--- START ---

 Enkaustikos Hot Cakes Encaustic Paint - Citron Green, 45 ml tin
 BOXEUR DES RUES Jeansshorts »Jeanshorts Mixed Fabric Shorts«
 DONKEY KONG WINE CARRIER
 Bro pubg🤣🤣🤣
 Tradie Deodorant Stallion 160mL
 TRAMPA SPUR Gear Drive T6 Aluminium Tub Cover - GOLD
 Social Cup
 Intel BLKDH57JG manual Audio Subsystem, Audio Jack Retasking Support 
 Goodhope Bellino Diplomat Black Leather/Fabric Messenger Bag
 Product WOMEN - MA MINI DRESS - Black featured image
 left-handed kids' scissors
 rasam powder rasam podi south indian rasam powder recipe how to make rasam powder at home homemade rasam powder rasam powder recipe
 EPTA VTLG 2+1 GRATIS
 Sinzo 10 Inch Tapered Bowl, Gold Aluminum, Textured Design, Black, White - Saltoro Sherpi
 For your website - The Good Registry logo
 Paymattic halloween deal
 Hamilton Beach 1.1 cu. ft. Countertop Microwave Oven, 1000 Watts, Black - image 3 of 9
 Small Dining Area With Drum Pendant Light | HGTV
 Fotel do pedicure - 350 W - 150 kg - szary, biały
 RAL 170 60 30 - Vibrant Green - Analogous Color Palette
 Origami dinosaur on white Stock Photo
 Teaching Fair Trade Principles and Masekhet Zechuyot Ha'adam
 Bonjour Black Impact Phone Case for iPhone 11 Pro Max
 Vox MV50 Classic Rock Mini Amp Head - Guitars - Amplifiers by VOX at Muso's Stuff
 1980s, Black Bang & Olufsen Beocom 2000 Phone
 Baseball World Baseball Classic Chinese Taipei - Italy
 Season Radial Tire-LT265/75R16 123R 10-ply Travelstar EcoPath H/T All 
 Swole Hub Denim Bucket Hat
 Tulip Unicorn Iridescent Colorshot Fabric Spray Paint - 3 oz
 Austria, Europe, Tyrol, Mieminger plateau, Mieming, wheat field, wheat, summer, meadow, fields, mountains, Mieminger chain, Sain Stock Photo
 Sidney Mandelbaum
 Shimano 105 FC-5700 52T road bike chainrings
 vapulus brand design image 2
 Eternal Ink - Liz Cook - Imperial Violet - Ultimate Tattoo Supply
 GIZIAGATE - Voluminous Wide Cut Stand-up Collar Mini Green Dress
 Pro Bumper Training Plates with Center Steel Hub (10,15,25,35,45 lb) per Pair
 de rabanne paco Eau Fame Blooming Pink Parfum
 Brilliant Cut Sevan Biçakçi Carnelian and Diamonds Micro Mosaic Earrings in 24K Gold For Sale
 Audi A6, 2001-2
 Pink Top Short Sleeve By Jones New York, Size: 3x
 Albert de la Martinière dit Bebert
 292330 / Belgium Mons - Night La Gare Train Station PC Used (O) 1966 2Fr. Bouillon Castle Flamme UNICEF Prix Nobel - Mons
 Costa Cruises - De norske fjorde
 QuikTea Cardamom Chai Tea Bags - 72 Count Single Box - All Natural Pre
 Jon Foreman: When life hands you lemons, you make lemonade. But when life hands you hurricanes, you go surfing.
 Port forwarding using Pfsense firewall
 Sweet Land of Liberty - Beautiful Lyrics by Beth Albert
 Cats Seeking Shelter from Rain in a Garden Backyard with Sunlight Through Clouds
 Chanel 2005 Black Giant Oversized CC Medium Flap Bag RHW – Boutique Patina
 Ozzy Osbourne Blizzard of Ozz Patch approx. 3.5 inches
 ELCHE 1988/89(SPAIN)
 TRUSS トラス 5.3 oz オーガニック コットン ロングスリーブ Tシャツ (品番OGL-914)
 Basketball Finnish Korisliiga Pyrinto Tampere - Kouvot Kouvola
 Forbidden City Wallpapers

--- END ---

§ **Task objective**:
Set down, word for word, each line from the top of the records above through the line with "Pro Bumper Training".

§ **Answer for this exercise**:
 Enkaustikos Hot Cakes Encaustic Paint - Citron Green, 45 ml tin
 BOXEUR DES RUES Jeansshorts »Jeanshorts Mixed Fabric Shorts«
 DONKEY KONG WINE CARRIER
 Bro pubg🤣🤣🤣
 Tradie Deodorant Stallion 160mL
 TRAMPA SPUR Gear Drive T6 Aluminium Tub Cover - GOLD
 Social Cup
 Intel BLKDH57JG manual Audio Subsystem, Audio Jack Retasking Support 
 Goodhope Bellino Diplomat Black Leather/Fabric Messenger Bag
 Product WOMEN - MA MINI DRESS - Black featured image
 left-handed kids' scissors
 rasam powder rasam podi south indian rasam powder recipe how to make rasam powder at home homemade rasam powder rasam powder recipe
 EPTA VTLG 2+1 GRATIS
 Sinzo 10 Inch Tapered Bowl, Gold Aluminum, Textured Design, Black, White - Saltoro Sherpi
 For your website - The Good Registry logo
 Paymattic halloween deal
 Hamilton Beach 1.1 cu. ft. Countertop Microwave Oven, 1000 Watts, Black - image 3 of 9
 Small Dining Area With Drum Pendant Light | HGTV
 Fotel do pedicure - 350 W - 150 kg - szary, biały
 RAL 170 60 30 - Vibrant Green - Analogous Color Palette
 Origami dinosaur on white Stock Photo
 Teaching Fair Trade Principles and Masekhet Zechuyot Ha'adam
 Bonjour Black Impact Phone Case for iPhone 11 Pro Max
 Vox MV50 Classic Rock Mini Amp Head - Guitars - Amplifiers by VOX at Muso's Stuff
 1980s, Black Bang & Olufsen Beocom 2000 Phone
 Baseball World Baseball Classic Chinese Taipei - Italy
 Season Radial Tire-LT265/75R16 123R 10-ply Travelstar EcoPath H/T All 
 Swole Hub Denim Bucket Hat
 Tulip Unicorn Iridescent Colorshot Fabric Spray Paint - 3 oz
 Austria, Europe, Tyrol, Mieminger plateau, Mieming, wheat field, wheat, summer, meadow, fields, mountains, Mieminger chain, Sain Stock Photo
 Sidney Mandelbaum
 Shimano 105 FC-5700 52T road bike chainrings
 vapulus brand design image 2
 Eternal Ink - Liz Cook - Imperial Violet - Ultimate Tattoo Supply
 GIZIAGATE - Voluminous Wide Cut Stand-up Collar Mini Green Dress
 Pro Bumper Training Plates with Center Steel Hub (10,15,25,35,45 lb) per Pair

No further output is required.